The SeleniumURLLoader class includes the following attributes:

URLs (List[str]): List of URLs to load.
continue_on_failure (bool, default=True): Continues loading other URLs on failure if True.
browser (str, default="chrome"): Browser selection, either 'Chrome' or 'Firefox'.
executable_path (Optional[str], default=None): Browser executable path.
headless (bool, default=True): Browser runs in headless mode if True.
Customize these attributes during SeleniumURLLoader instance initialization, such as using Firefox instead of Chrome by setting the browser to "firefox":

## Google Drive loader
The LangChain Google Drive Loader efficiently imports data from Google Drive by using the GoogleDriveLoader class. It can fetch data from a list of Google Docs document IDs or a single folder ID.
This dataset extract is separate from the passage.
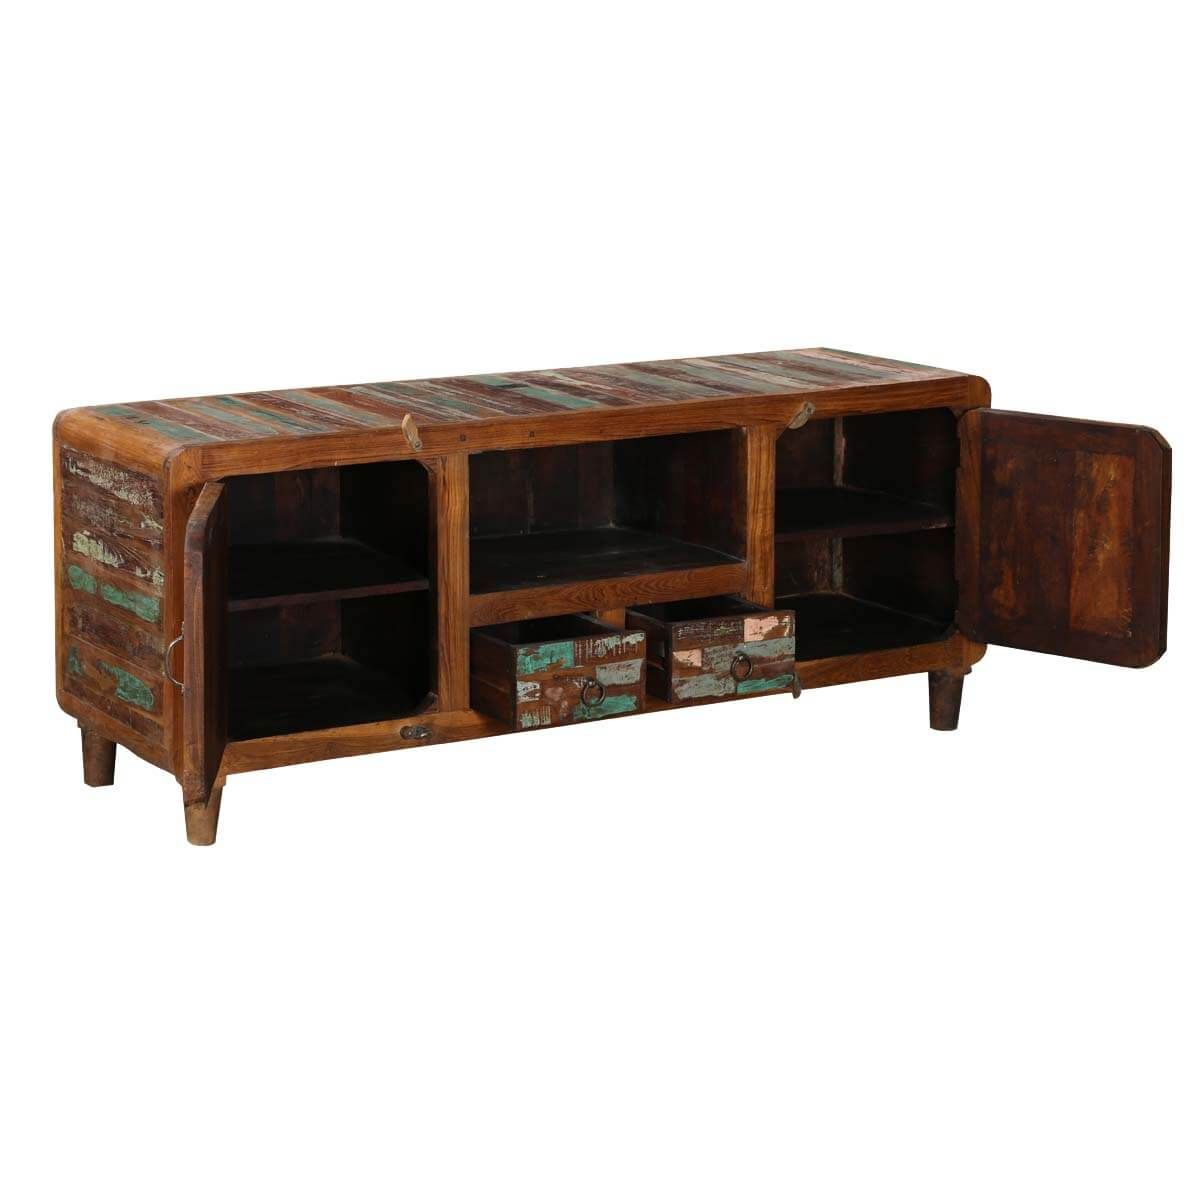 Tangier 59" Mosaic 2 Door Solid Wood Rustic Media Console Furniture With Regard To 2 Door Wood Desks (View 7 of 15)

Prepare necessary credentials and tokens:

By default, the GoogleDriveLoader searches for the credentials.json file in ~/.credentials/credentials.json. Use the credentials_file keyword argument to modify this path.
The token.json file follows the same principle and will be created automatically upon the loader's first use.
To set up the credentials_file, follow these steps:

Create a new Google Cloud Platform project or use an existing one by visiting the Google Cloud Console. Ensure that billing is enabled for your project.
Enable the Google Drive API by navigating to its dashboard in the Google Cloud Console and clicking "Enable."
Create a service account by going to the Service Accounts page in the Google Cloud Console. Follow the prompts to set up a new service account.
Assign necessary roles to the service account, such as "Google Drive API - Drive File Access" and "Google Drive API - Drive Metadata Read/Write Access," depending on your needs.
After creating the service account, access the "Actions" menu next to it, select "Manage keys," click "Add Key," and choose "JSON" as the key type. This generates a JSON key file and downloads it to your computer, which serves as your credentials_file.
Retrieve the folder or document ID from the URL:

Folder: https://drive.google.com/drive/u/0/folders/{folder_id}
Document: https://docs.google.com/document/d/{document_id}/edit
Import the GoogleDriveLoader class:

In [12]:
from langchain.document_loaders import GoogleDriveLoader

In [13]:
loader = GoogleDriveLoader(
    folder_id="your_folder_id",
    recursive=False  # Optional: Fetch files from subfolders recursively. Defaults to False.
)

In [14]:
docs = loader.load()

ImportError: You must run `pip install --upgrade google-api-python-client google-auth-httplib2 google-auth-oauthlib` to use the Google Drive loader.